- The Washington Times - Sunday, November 5, 2006

BERLIN (AP) — A German electric company said yesterday that a high-voltage transmission line it shut down over a river to let a ship pass could have caused the chain-reaction power outages that left about 10 million people in the dark across Europe.

The blackouts Saturday night briefly halted trains in Germany and trapped dozens of people in elevators in France and Italy. Austria, Belgium and Spain also were affected, though supplies to most regions were restored quickly. No injuries were reported.

The outages raised fresh questions about the reliability of Europe’s interconnected power grids and drew an immediate call for stronger coordination.

A private German company, E.On AG, said the problems began in northwestern Germany, where its network became overloaded possibly because it shut down the transmission line over the river. The company said it had shut down transmission lines in the past without causing problems, and it was investigating what happened this time.

Theo Horstmann, a spokesman for German power company RWE AG, said the shortage caused substations across Europe to close down automatically to maintain supplies elsewhere.

Swaths of western Germany, including the industrial Ruhr region, were without power for a half-hour, delaying scores of trains for up to two hours, said Achim Stauss, spokesman for rail operator Deutsche Bahn.

Officials said thousands of worried people overwhelmed emergency services with telephone calls.

French power distributor RTE said the problems in Germany caused a “brutal imbalance” in supply and demand of electricity across the continent.

“Such imbalances must be corrected immediately to avoid a complete meltdown of the European electric system,” the company said.

As a result, RTE shut off supplies to about 5 million people across most regions of the country, including parts of Paris, for about a half-hour.

The company estimated that 10 million people were affected in Europe.

The German government demanded a quick explanation from Essen-based E.On of what happened, and of how it would prevent any reoccurrence.

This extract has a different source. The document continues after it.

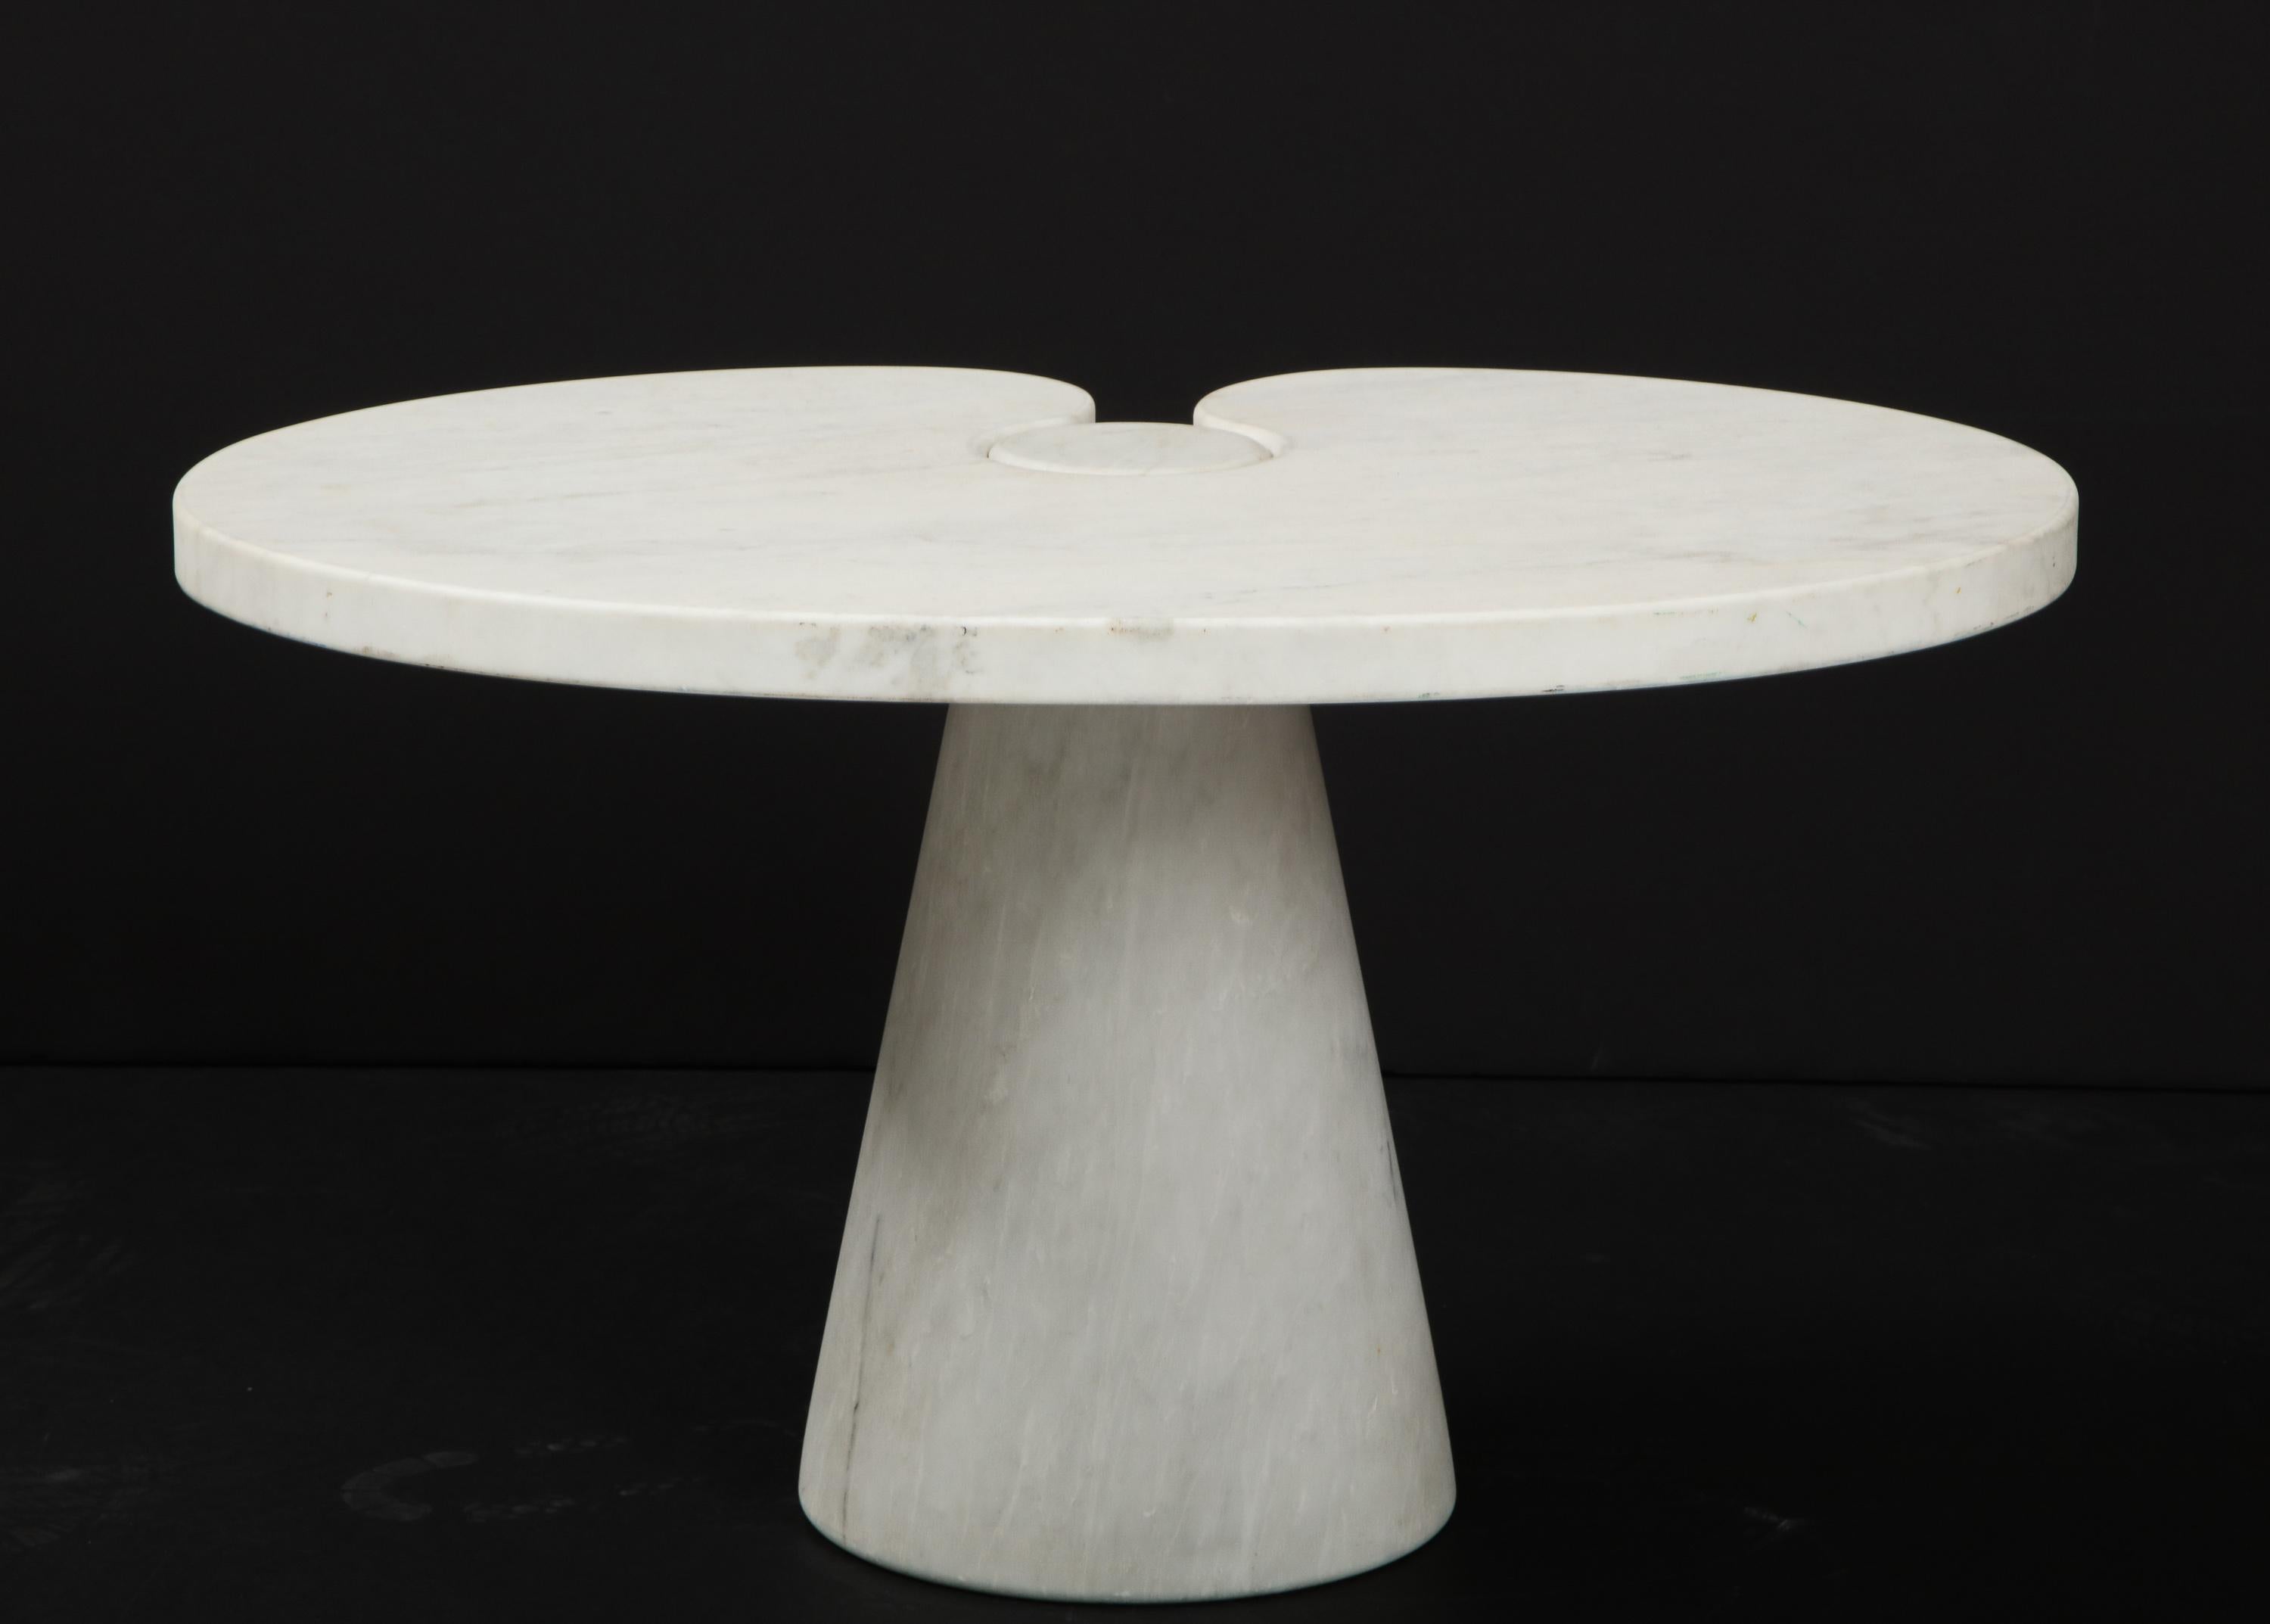 Two-piece interlocking Carrara marble side table from the Eros collection. Designed by Angelo Mangiarotti for Skipper, Italy. A vintage production, circa 1970s. Uncommon configuration at 26 inches in width, more useful as a side table or cocktail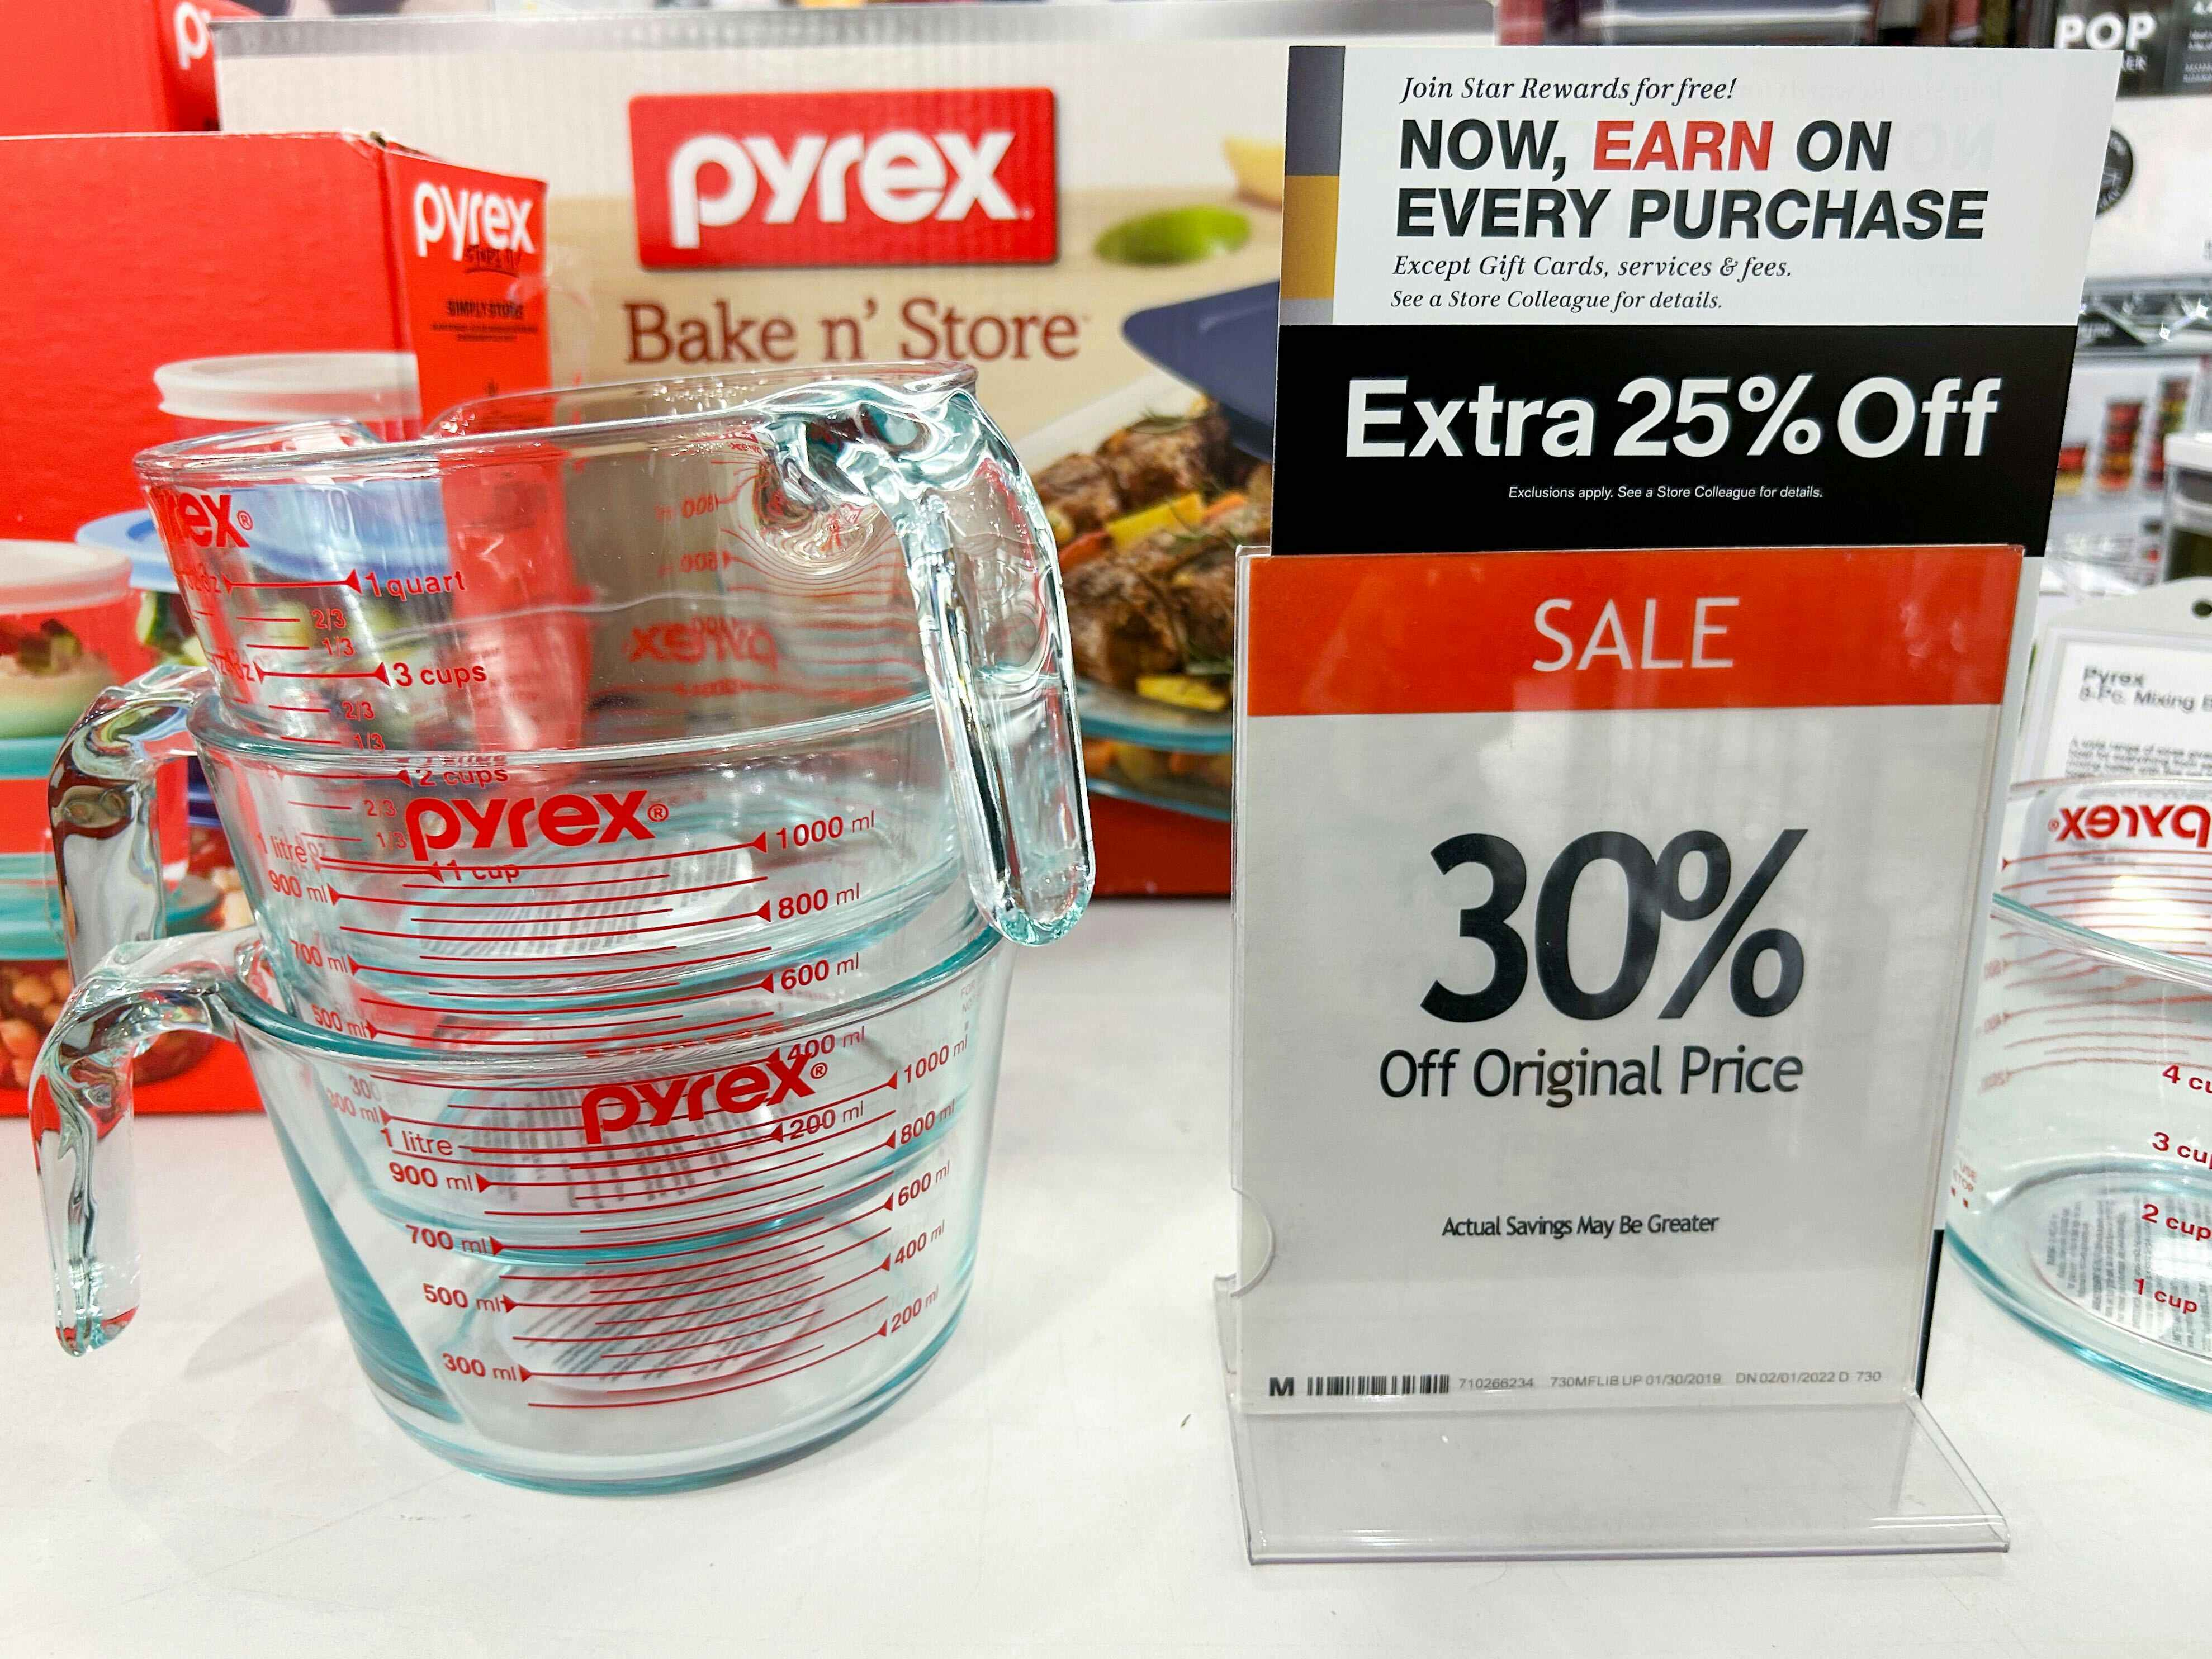 a pyrex measuring cup by a sale sign

“Power outages of this kind are not only annoying for people, but also represent a considerable risk for the economy,” said Economy Minister Michael Glos.

Mr. Horstmann said the network’s safety mechanisms functioned perfectly, heading off a dangerous drop in the frequency of power supplies.

RTE President Andre Merlin also insisted that Europe’s power network had worked smoothly.

“Despite the outages, we were able to avoid a total blackout,” he told reporters.

A similar incident occurred in the United States in 2003, when tree limbs touching a power line in Ohio triggered a blackout that cascaded across the eastern part of the country and into Canada, affecting 50 million people.